2 Business Intelligence:

Business Intelligence is all about providing users the information they need. They can then act upon this data to do a better job for their customers. Given that Oracle 'OWNS' the data by virtue of its database share, its only logical that it built business intelligence right into the core of the Fusion application architecture. The Fusion business intelligence encompasses four key areas

i) Role based dashboards:

In Fusion, dashboards will provide information and navigation at a glance and will be designed to be role specific. For example a dashboard for a purchasing agent would contain key purchasing metrics and information a purchasing agent typically needs daily to do his/her job. Depending on functional requirements, dashboards may leverage Business Activity Monitoring (BAM) technologies to display information real-time.

ii) Embedded Analytics:

These are implemented as portlets that appear on the right hand side of a web page and are linked to the main page via what we at Oracle call 'Context-Wiring'.Embedded analytics provide key supplemental information/analytics to help a user perform tasks more effectively. Embedded analytics provide the highest value when the task involves the user having to make a decision—like Should I book my flight on Jet airways or Indian airlines? In this example, understanding the historical on-time arrival rates is an example of a key analytic that can help the user make a decision about which flight to choose.

iii) Ad-hoc analysis:

Tools like OBIEE (Oracle Business Intelligence Enterprise Edition) formerly known as Siebel Business Analytics can be used to perfom ad-hoc analysis.

iv) Analytical applications:

These are a seperate suite of applications that provide analytic type of information to a select group of people within an organization. Examples include Profitability Manager (my product!!!!), Enterprise planning and budgeting etc.

3 Superior Ownership Experience:
This initiative is all about reducing cost, risk and improving overall customer experience. The main goal is to make Fusion applications the least expensive to own and operate. Some of the key initiatives that fall under this umbrella are

i) Application Lifecycle Management:

It encompasses areas such as reducing the downtime required during patching('0' downtime could be a reality. Just watch out), providing change management for updates and customizations.

ii) Supportability:
Main goals here are:

. Help customers proactively identify issues and resolve them before they become problems.
· Make it easier and faster for customers to solve their own issues.
· Reduce the time it takes Oracle Support to resolve issues that customers report.

iii)Usability:

Here's my favorite part. In Fusion, Oracle is planning to provide an UI second to none. Au revoir to those dull looking green webpages. All forms, JTT pages, OAF pages will be coverted to ADF pages. ADF faces based on Java Server Faces will provide a very compelling UI to the users.

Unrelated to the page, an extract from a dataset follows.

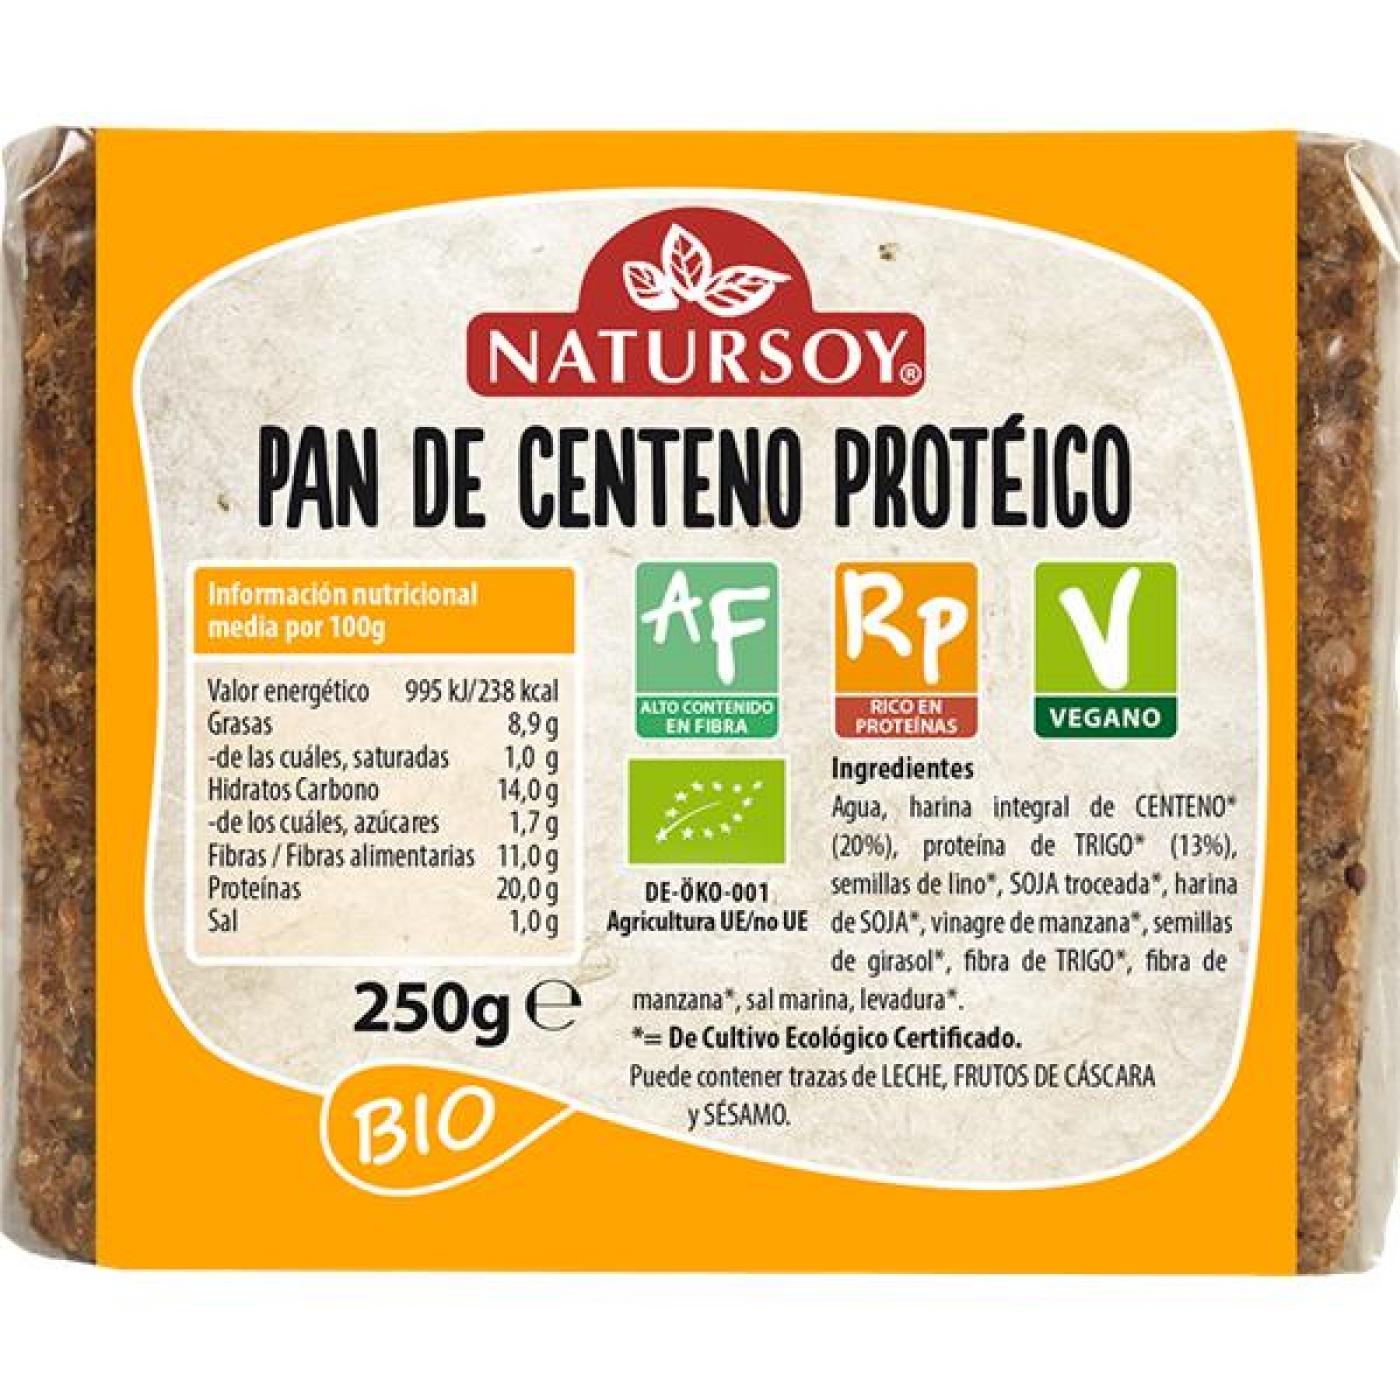 pan-de-centeno-proteico-natursoy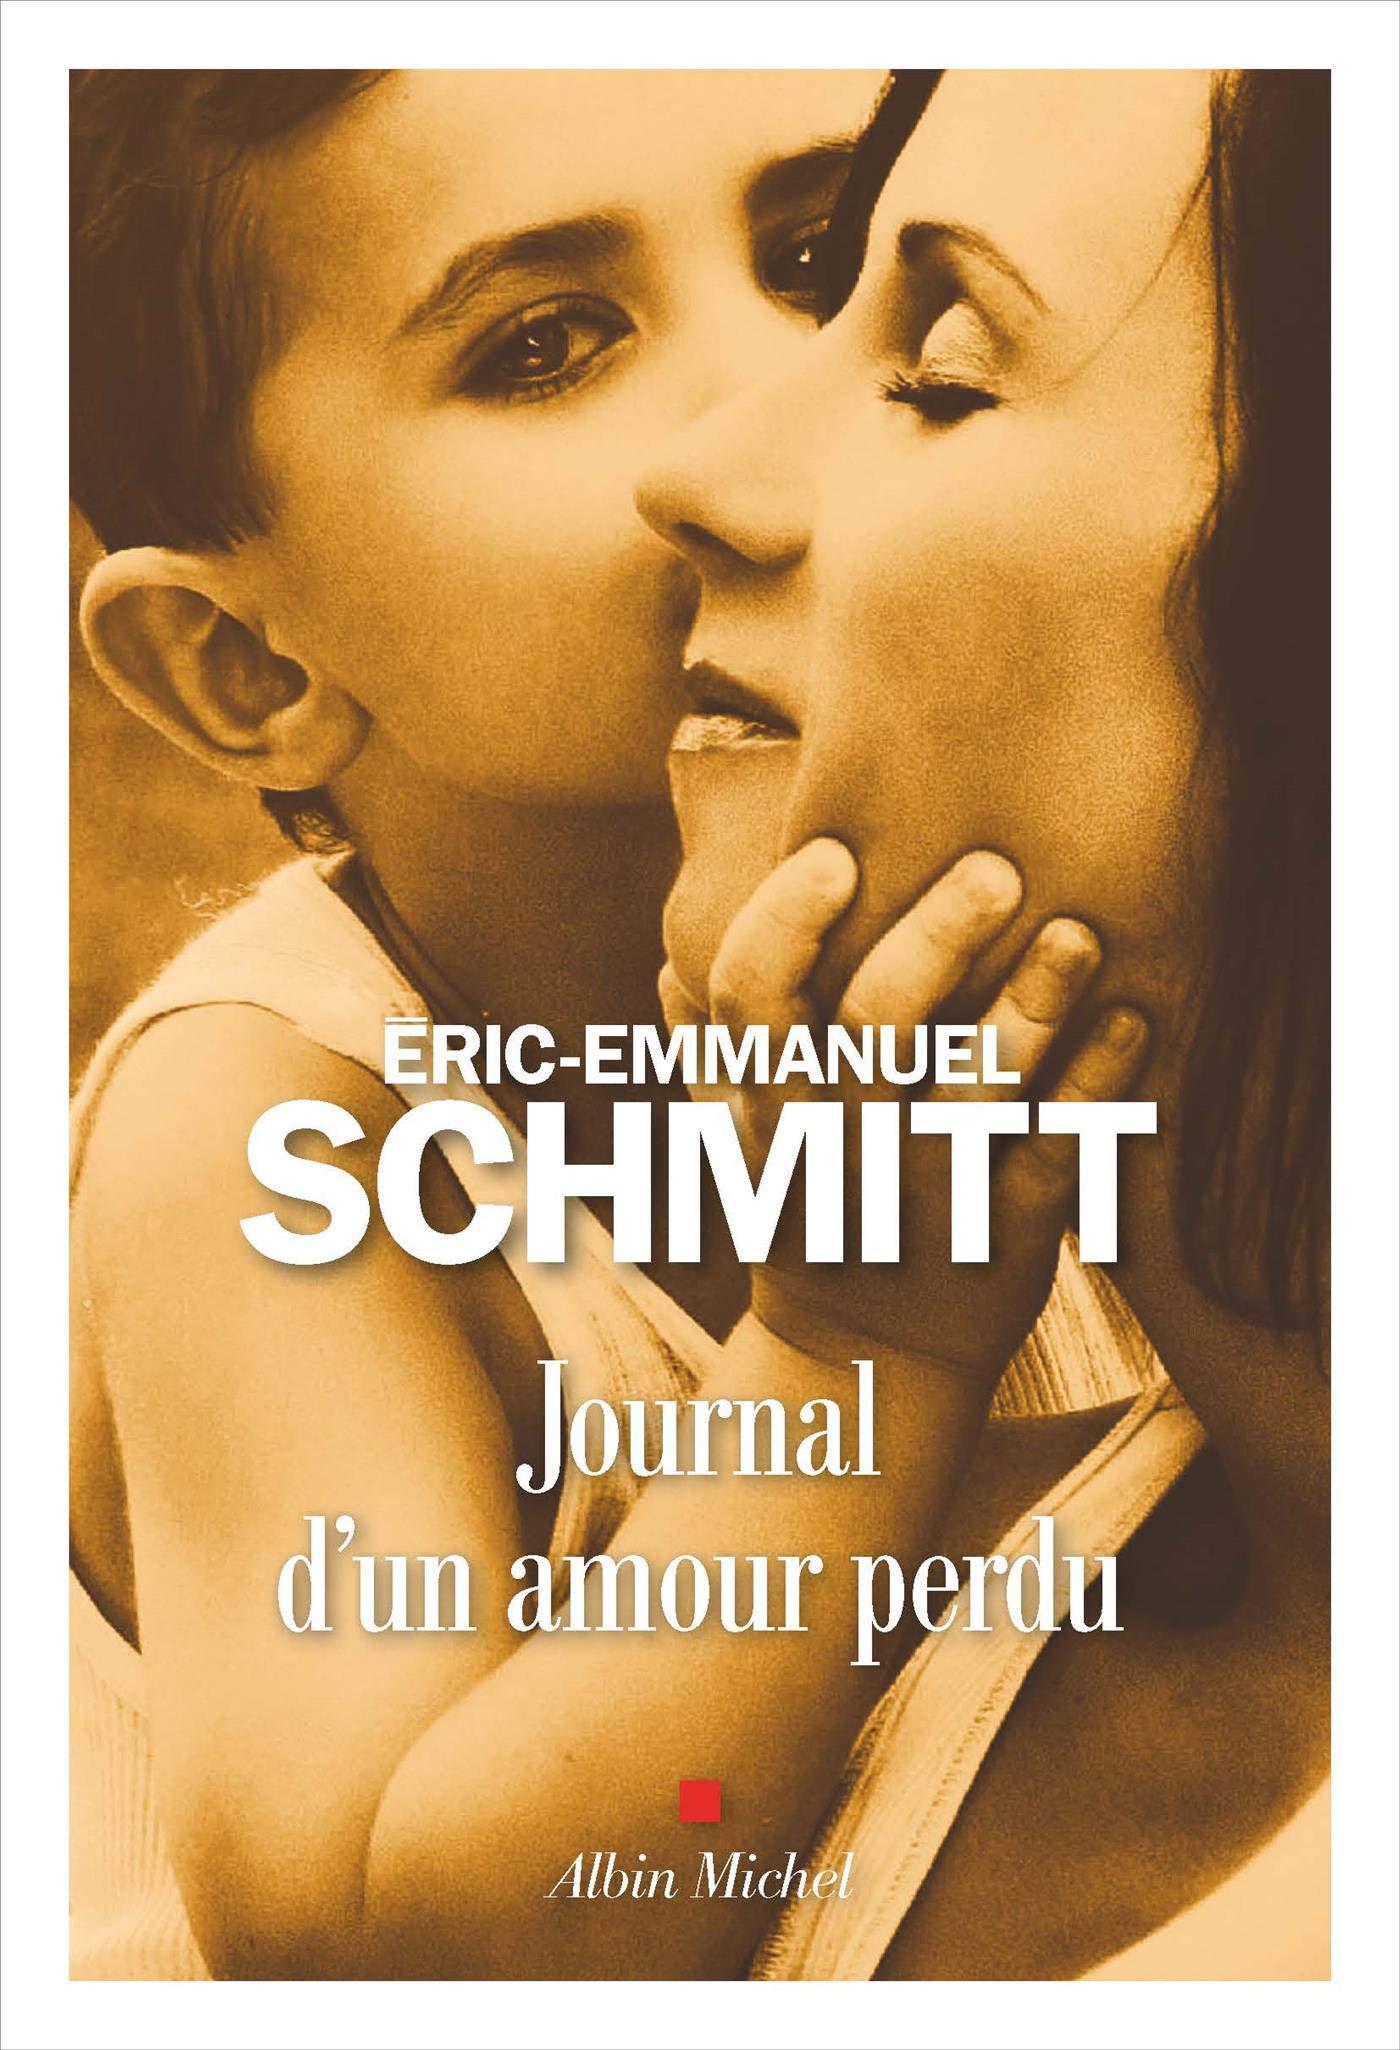 journal_amour_perdu_EE-Schmitt.jpg

There are a host of other initiatives under this section like better security, easier implementations, better quality and high performace and scalability. New tools and initiatives are being developed that will arm Oracle developers to achieve these.

Thus project Fusion is much more than merging various product lines. It will bring innovation to customers and help Oracle differentiate its offerings in the market place.

Note: All the views expressed here are solely mine and do not necessarily reflect those of Oracle Corporation.